くらのすけの映画日記

「シネマラムール」の管理人くらのすけの映画鑑賞日記です。 なるべく、見た直後の印象を書き込んでいるのでネタバレがある場合があります。その点ご了解ください。

映画感想「首」

首

紛れもない傑作である。90分あまりという人間の集中力の限界を最大限に緊張させてくれ、見終わった後、ほっとした解放感と何ともいえない充実感に満たされる。
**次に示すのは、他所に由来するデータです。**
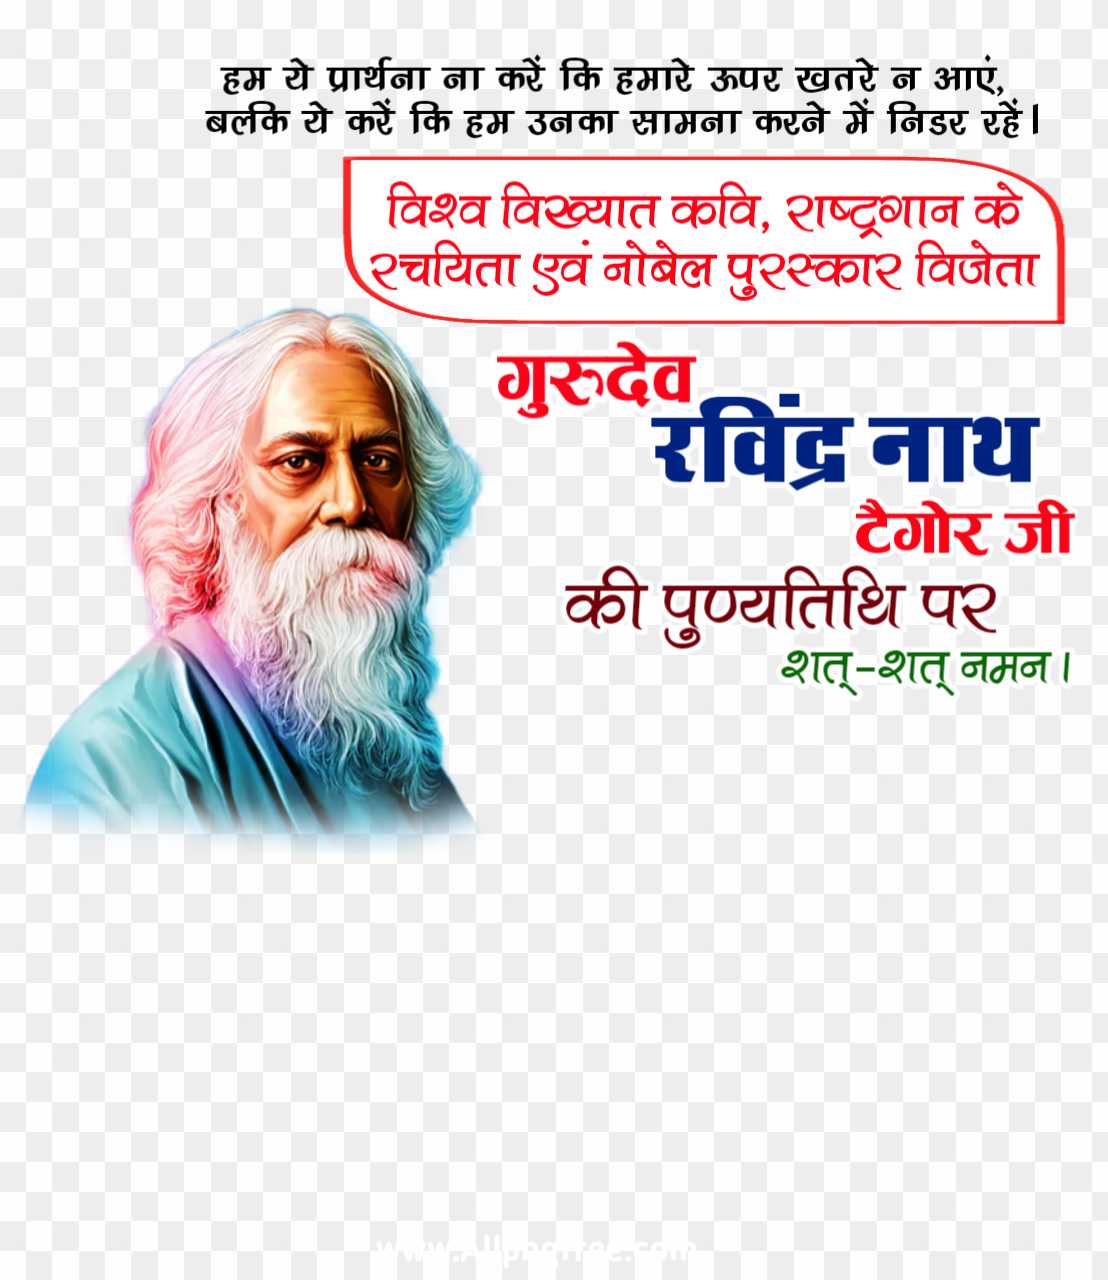 Ravinder nath Tagore punyatithi poster designing PNG images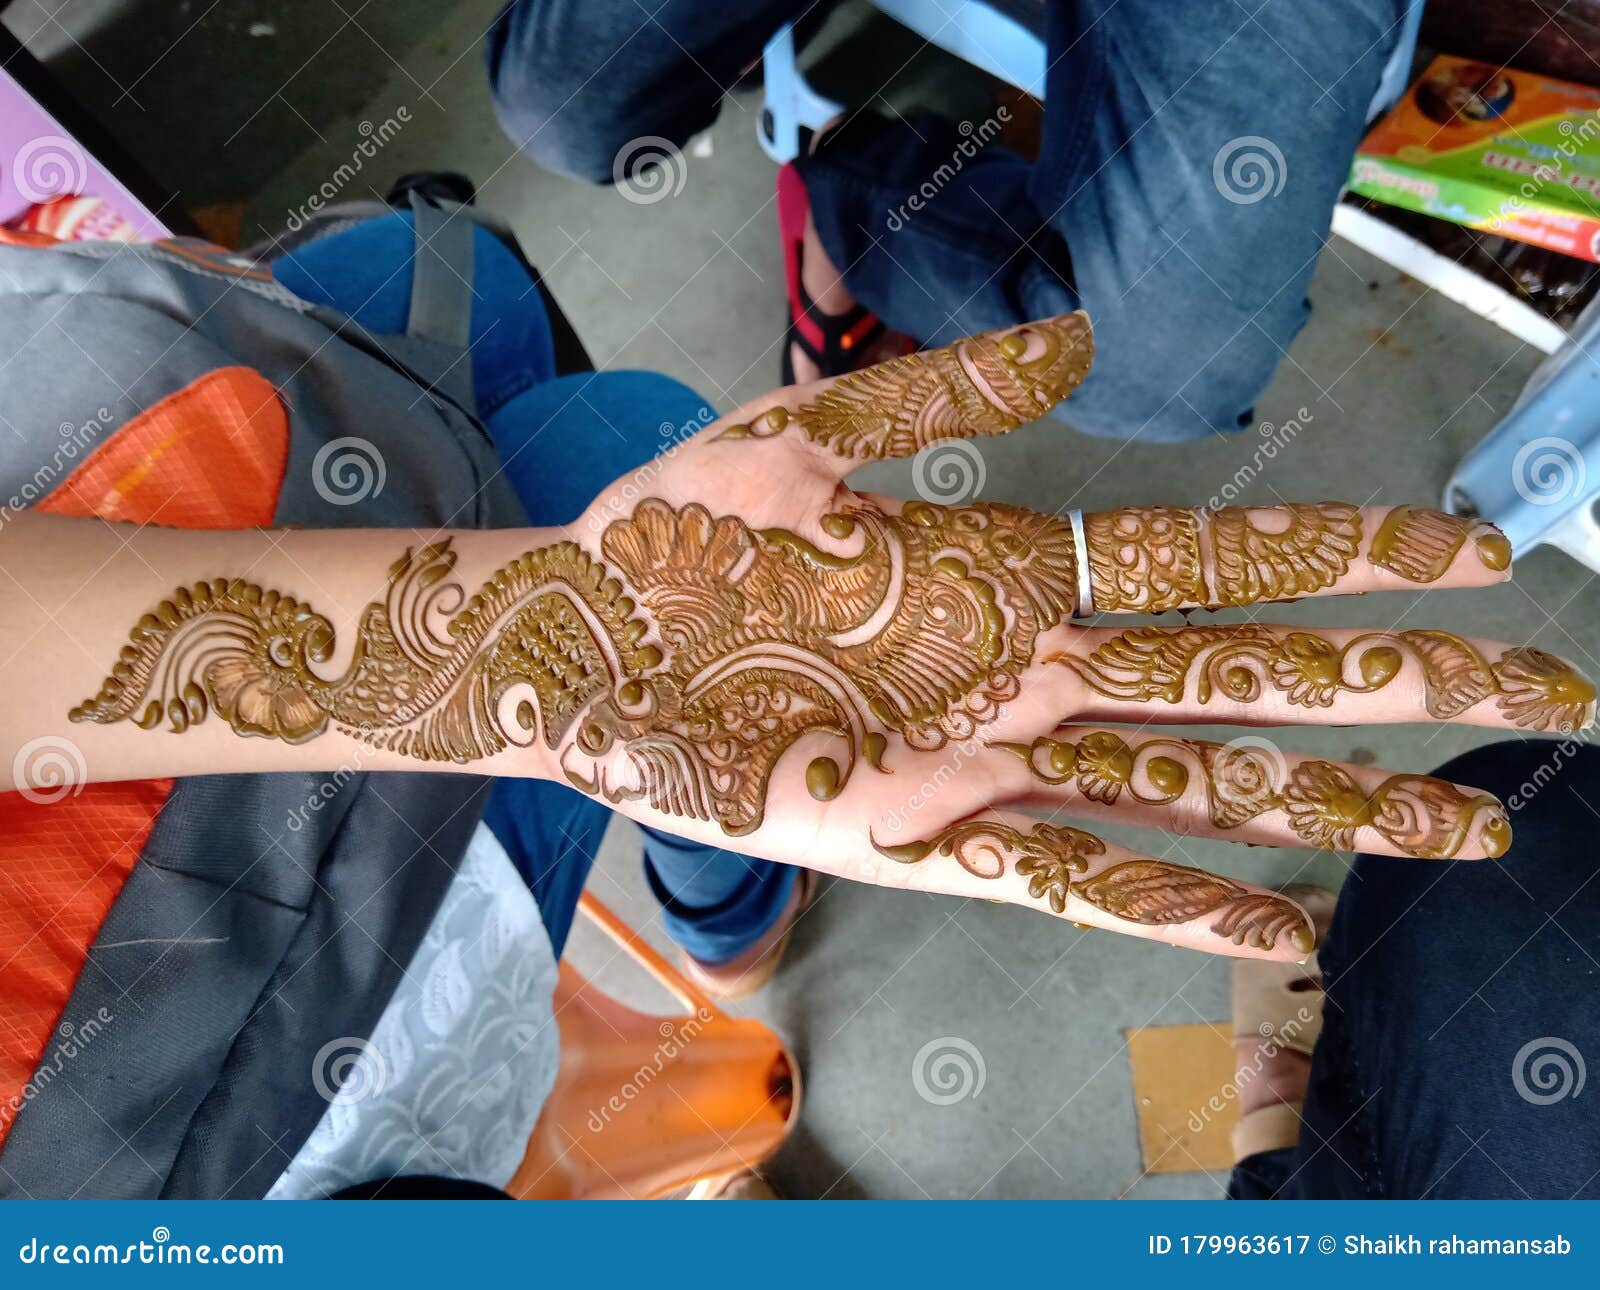 Sawan Mehndi Designs:हाथों में मेहंदी लगाकर करें महादेव की पूजा, यहां देखें  सिंपल और खूबसूरत डिजाइन - Sawan Mehndi Designs Simple Mehndi Design For  Front Hand In Sawan 2023 - Amar Ujala

たった一つの真実に向かって邁進していく正木弁護士の姿が鬼気迫る小林桂樹の演技で見事に表現されていく様は絶品と呼べる。

森谷司郎監督の演出の迫力も画面から直接投げかけてくるような迫力がある。
吹雪の吹きすさぶ景色を効果的に使った主人公の心の描写、ふとほっとする瞬間を演出する暖かい鍋料理の風景、そして汽車のなかで警官に荷物を問いただされ緊張の極限で挿入される首切り人のとっさの機転によるサスペンスフルな展開。駅をでたところですんでのところで首切り人の判断ですでに持ち出してあった首が見つからずにすむというスリリングな展開など卓越したプロットの数々がこの重厚な作品にかすかな娯楽性をにおわせる効果を生みだしている。
まったく、脱帽してしまううまさである。すばらしい作品でした。

映画が始まると一人の男が吹雪の中、仮埋葬された墓の前でにらんでいる。彼がこの映画の主人公正木弁護士(小林桂樹)である。そして画面が変わると一人の男が警察の尋問にあい逆上した警官の殴りかかるショットが続きタイトルシーンとなる。

物語は一人の弁護士が、一人の炭坑夫が警察で変死した事件を担当することになり、今まで正義と信じていた検事局への不信から、次第に狂気的に真相を暴くべく奔走する話である。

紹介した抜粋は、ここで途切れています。